• _Supplied information_:
*** Begin section ***

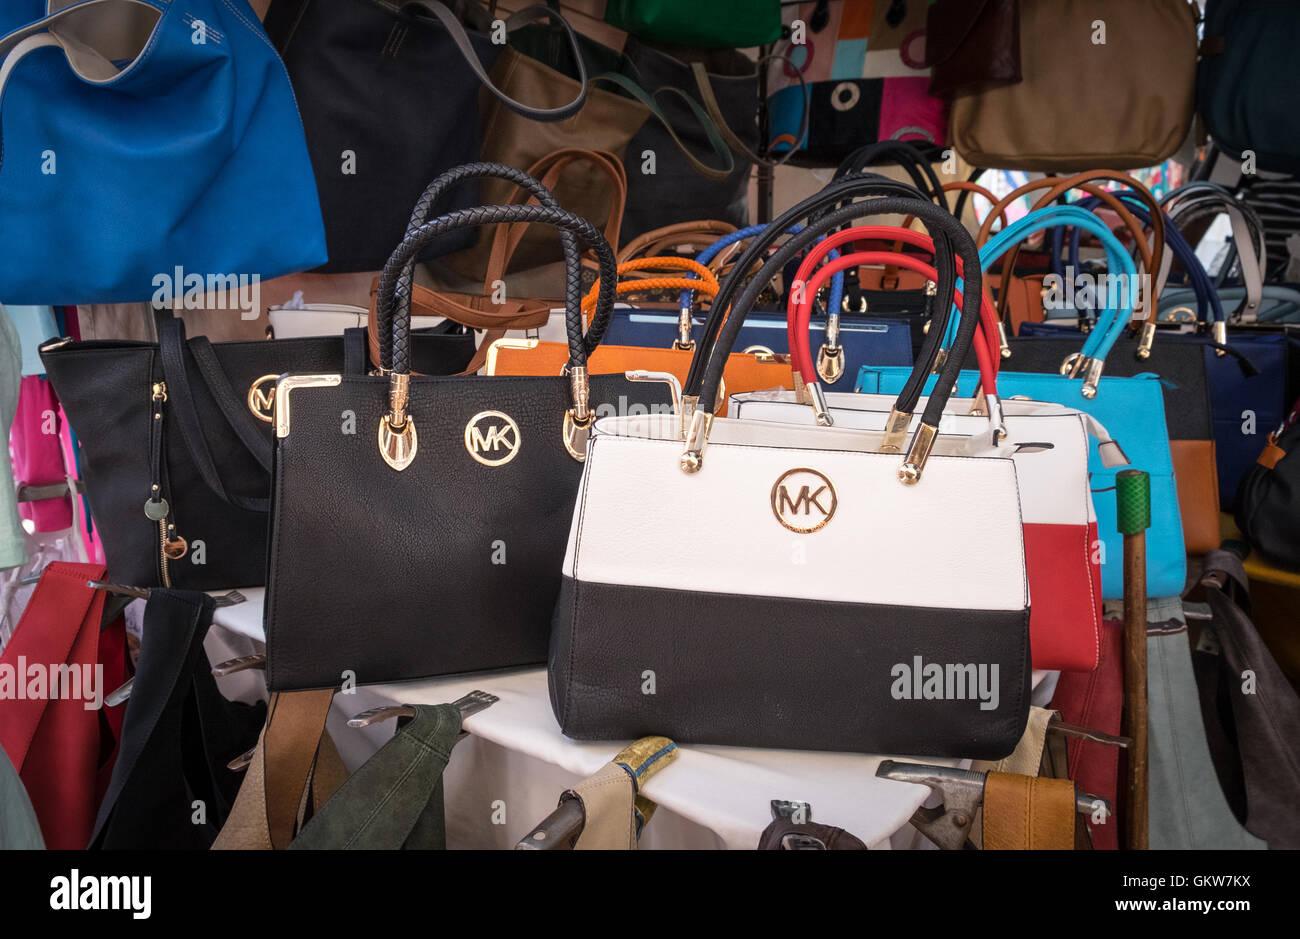 b0d400ae7c Fake Michael Kors borse a mano in vendita su una strada della marcatura di  Alcudia Città
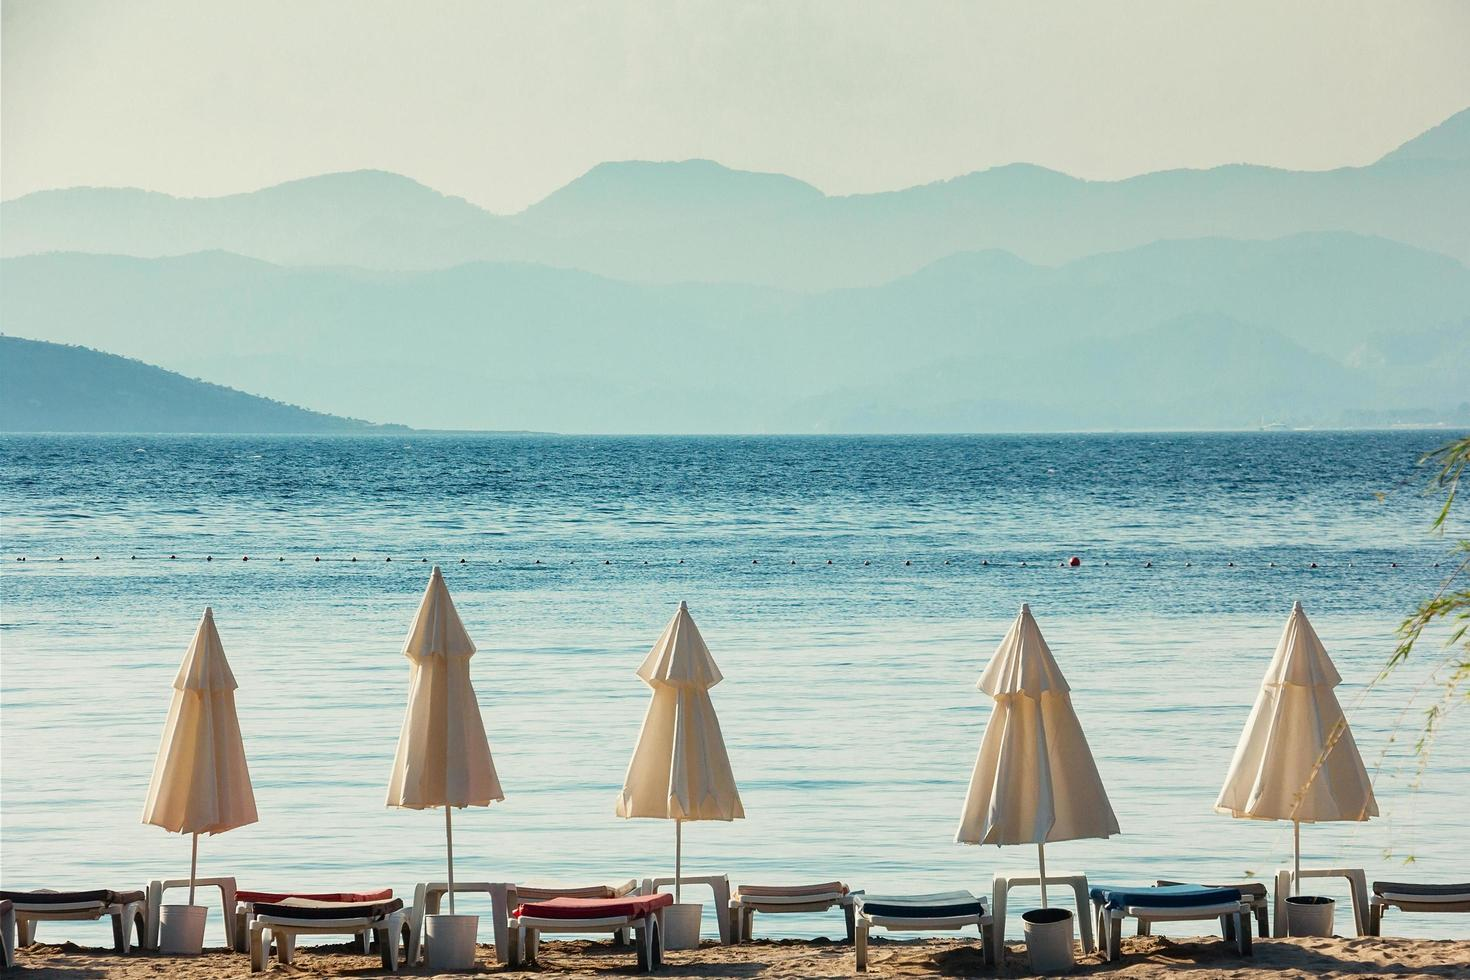 parapluies blancs, mer bleue et hautes montagnes à l'horizon photo
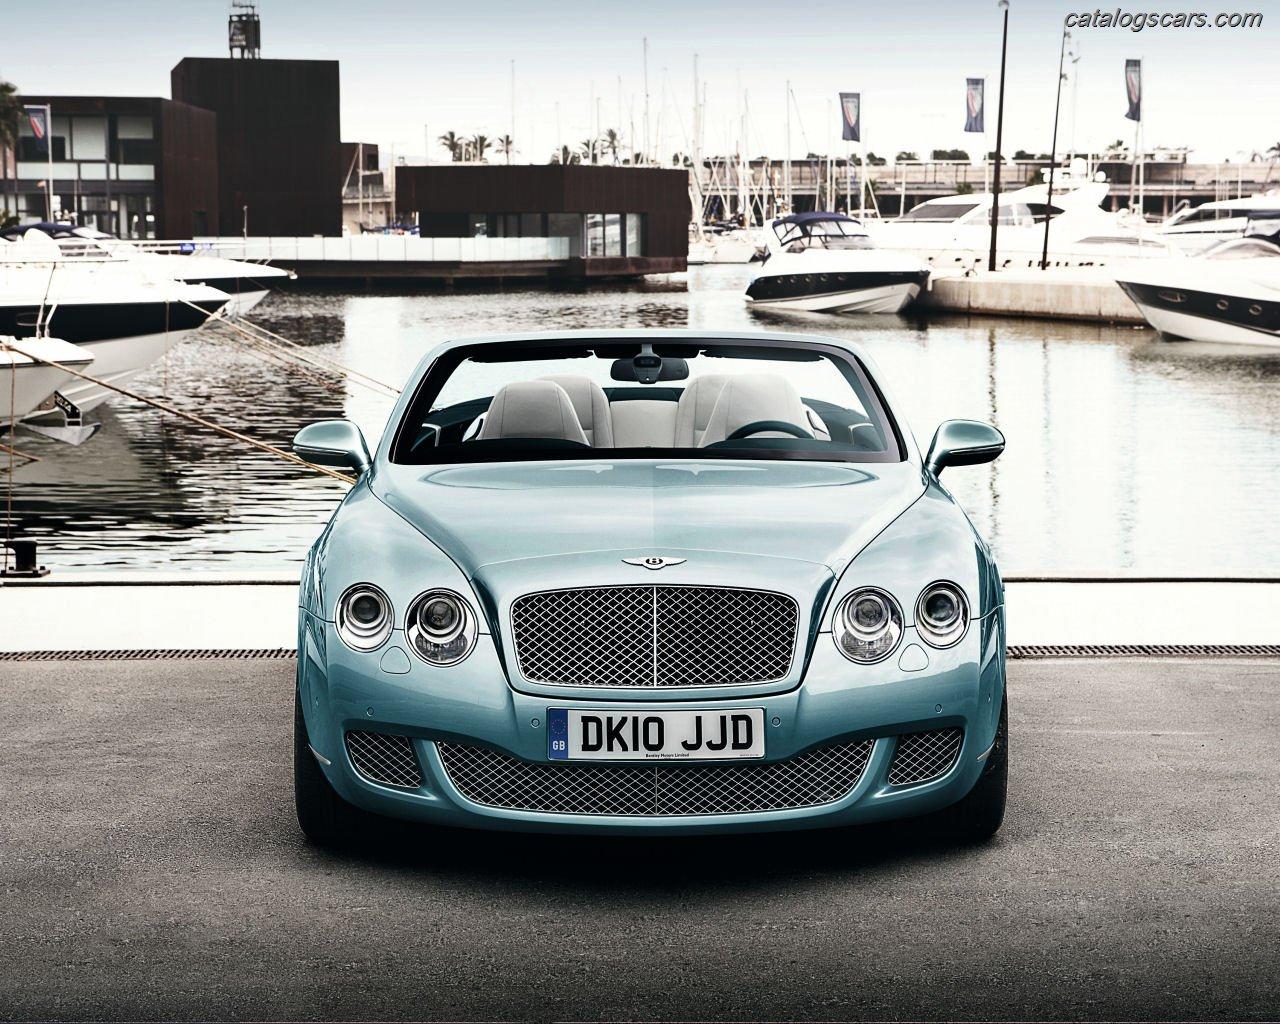 صور سيارة بنتلى كونتيننتال جى تى سى 2012 - اجمل خلفيات صور عربية بنتلى كونتيننتال جى تى سى 2012 - Bentley Continental Gtc Photos Bentley-Continental-Gtc-2011-04.jpg

*** End section ***

• _Problem details_: Only the pictures in the listing above get left out; print everything else exactly.

• _Written response_:
 b0d400ae7c Fake Michael Kors borse a mano in vendita su una strada della marcatura di  Alcudia Città
 parapluies blancs, mer bleue et hautes montagnes à l'horizon photo
 صور سيارة بنتلى كونتيننتال جى تى سى 2012 - اجمل خلفيات صور عربية بنتلى كونتيننتال جى تى سى 2012 - Bentley Continental Gtc Photos Bentley-Continental-Gtc-2011-04.jpg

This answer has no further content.